**PROBLEM**
Once you reach the line with "Trollbeads LAA 925" in the material below, copy each line exactly up to and including the line with "Projektrapport om Værdikæden", and skip the pictures.

**RECORDS**
----

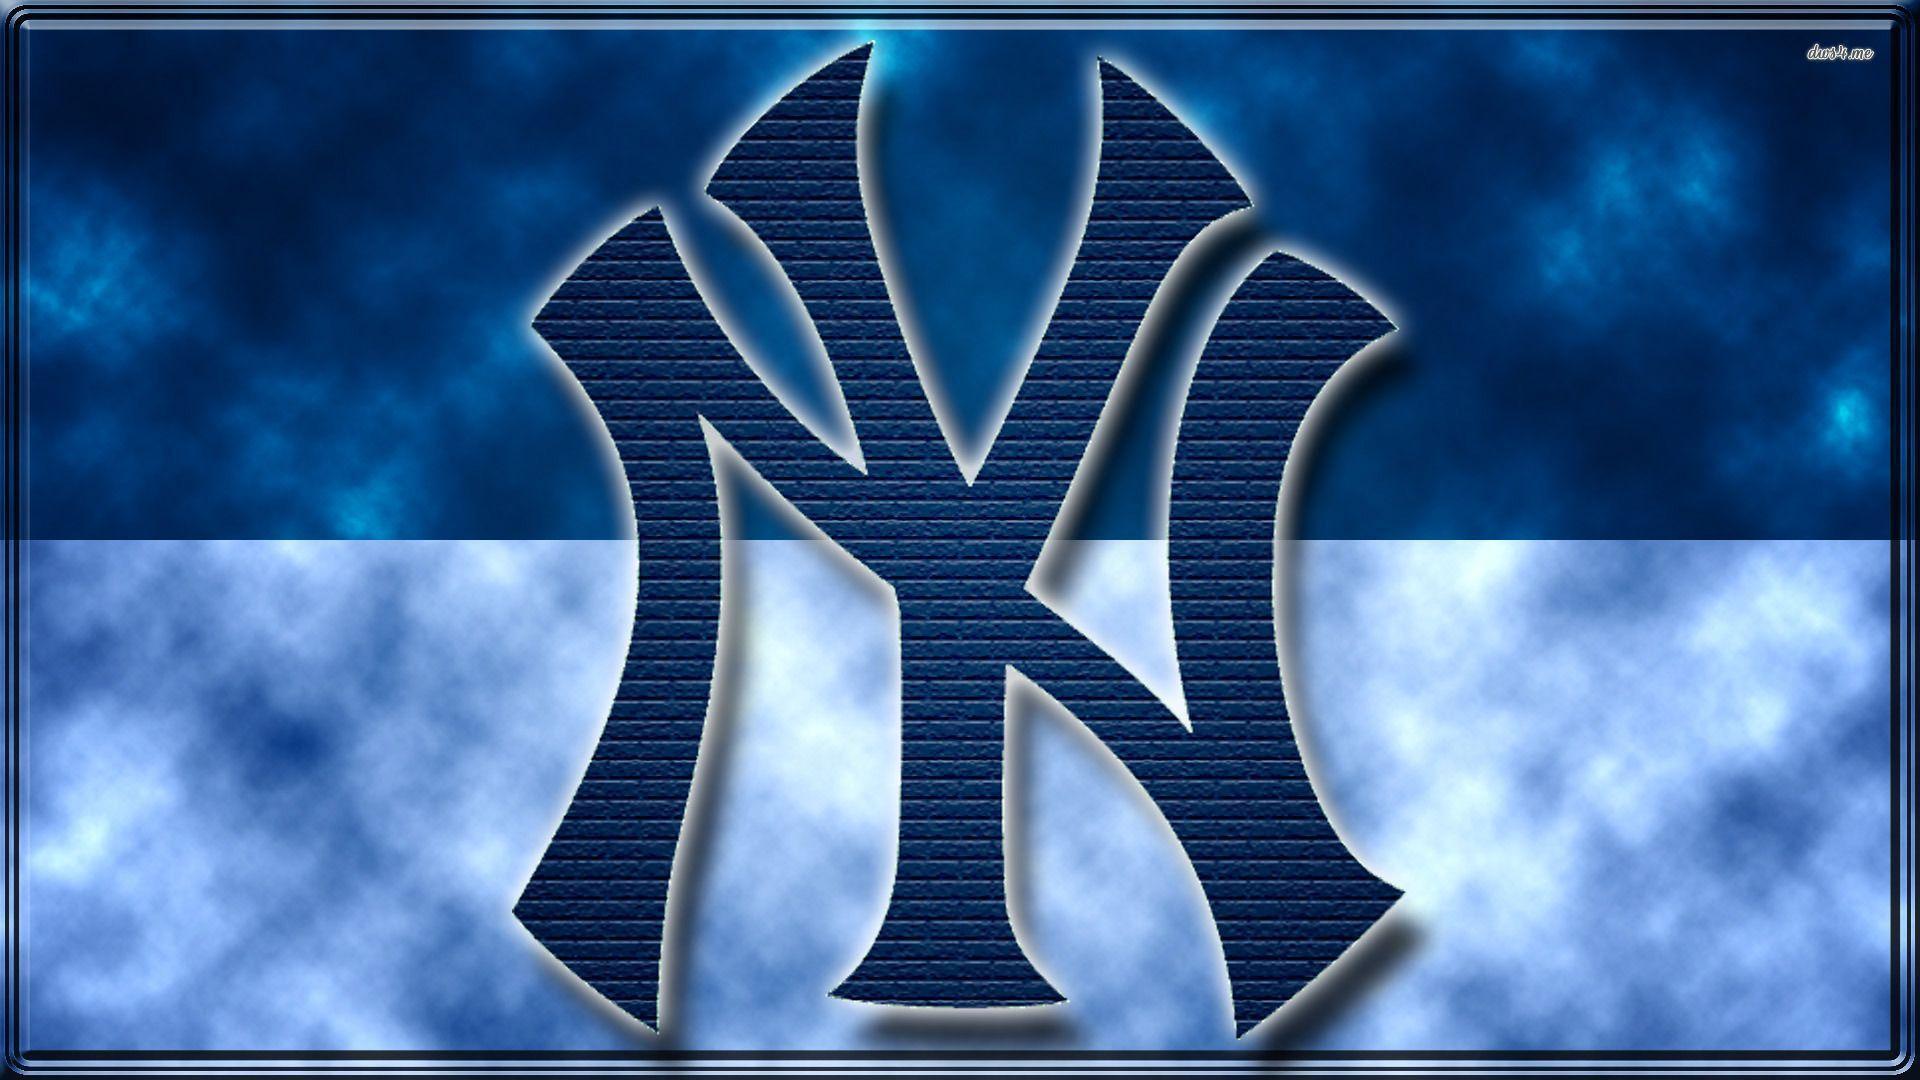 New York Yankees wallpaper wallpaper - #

----

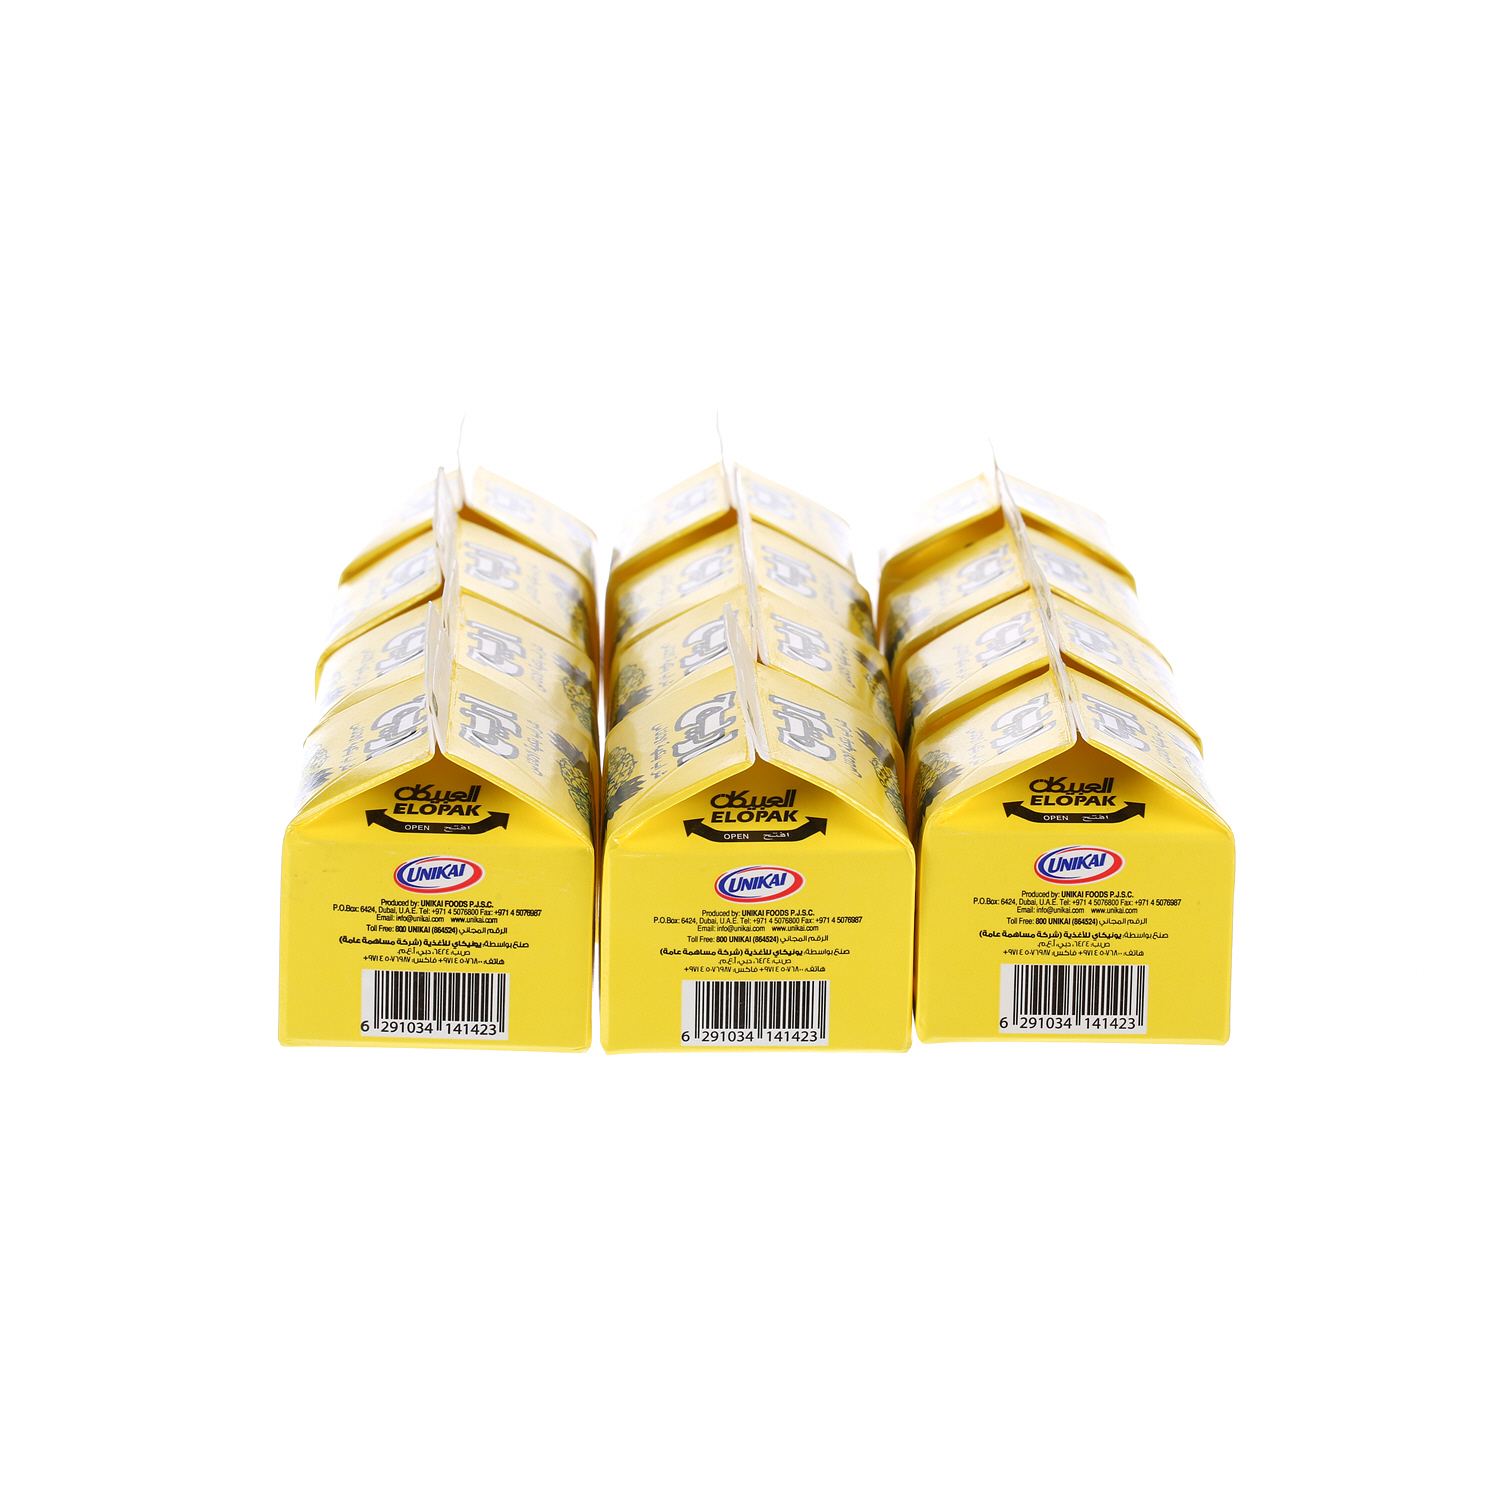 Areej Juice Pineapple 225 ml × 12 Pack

----

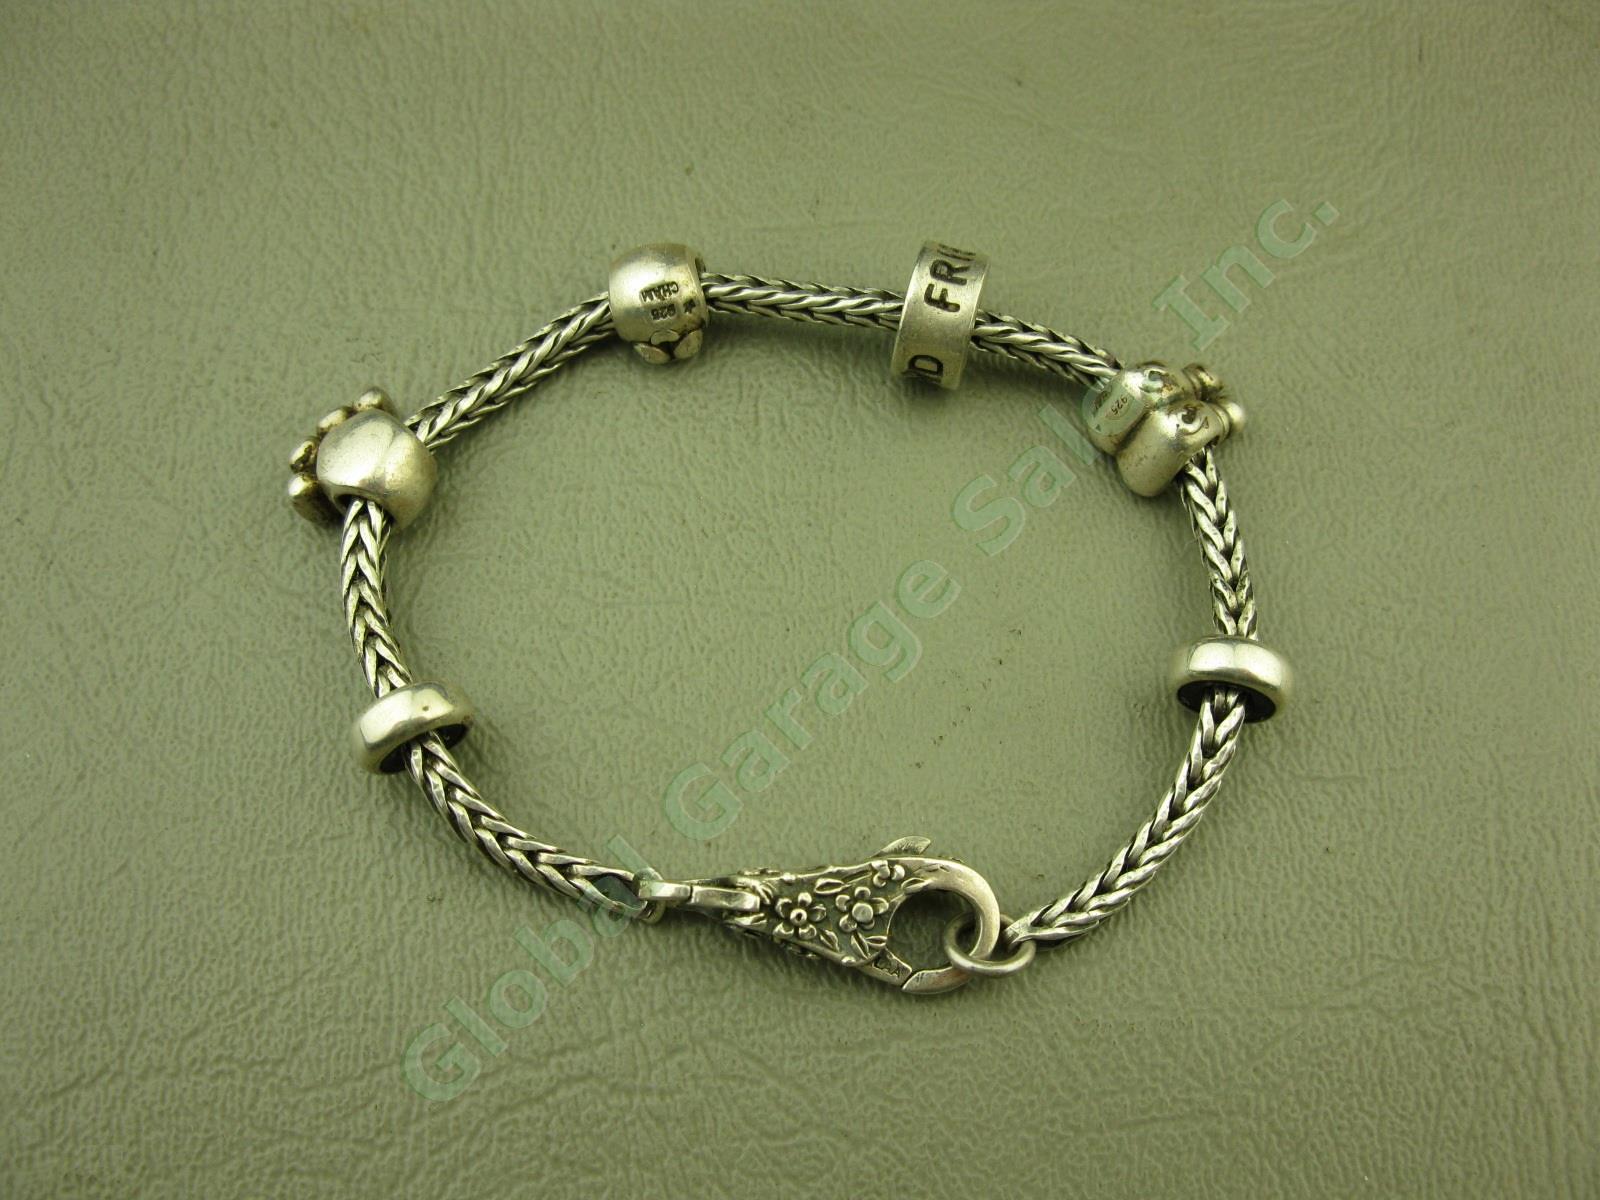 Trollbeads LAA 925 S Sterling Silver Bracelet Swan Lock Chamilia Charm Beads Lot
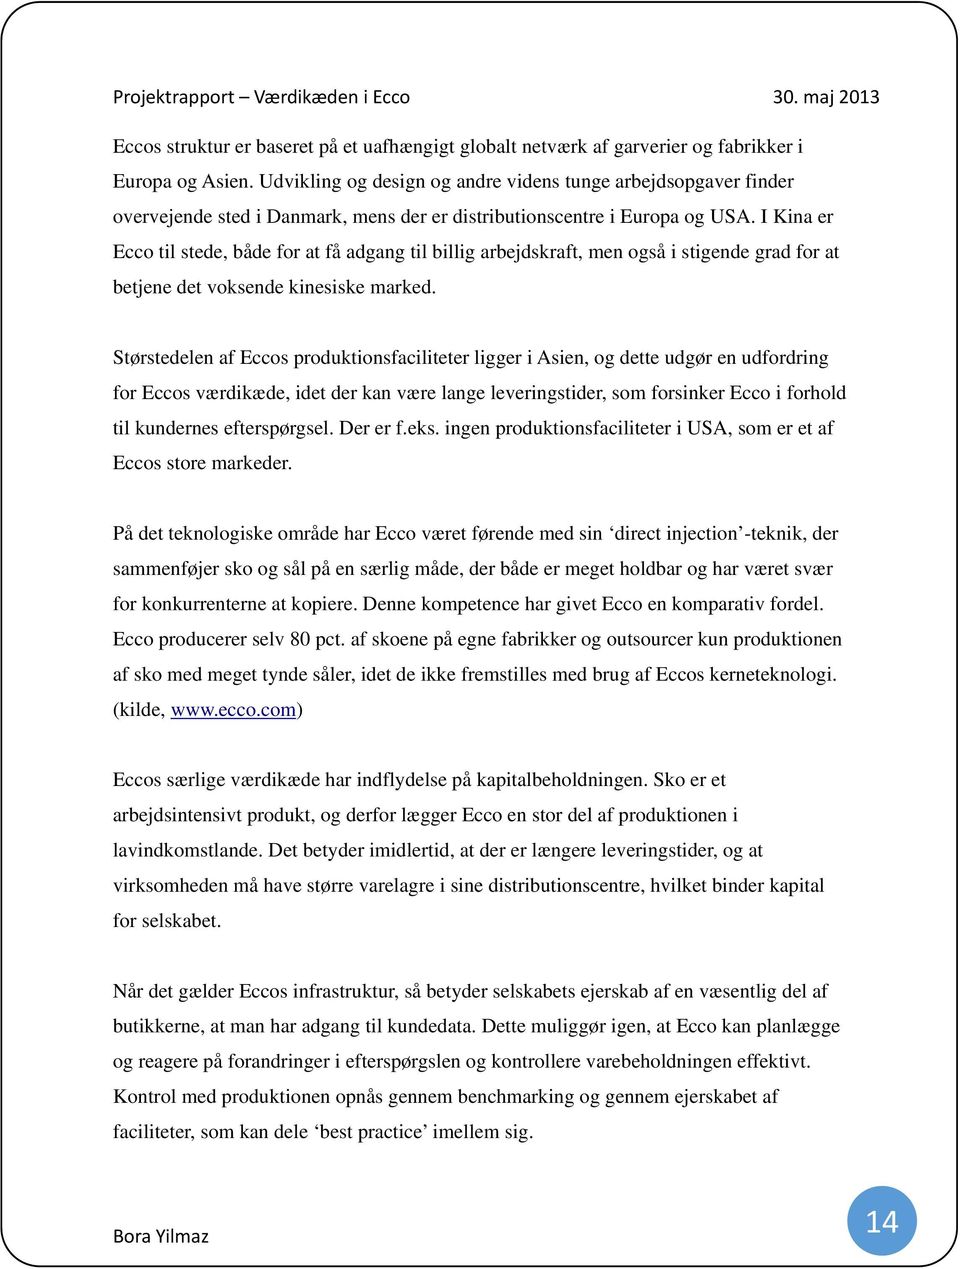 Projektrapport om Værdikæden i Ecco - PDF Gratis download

----

**RESPONSE TO THE EXERCISE**
 Trollbeads LAA 925 S Sterling Silver Bracelet Swan Lock Chamilia Charm Beads Lot
 Projektrapport om Værdikæden i Ecco - PDF Gratis download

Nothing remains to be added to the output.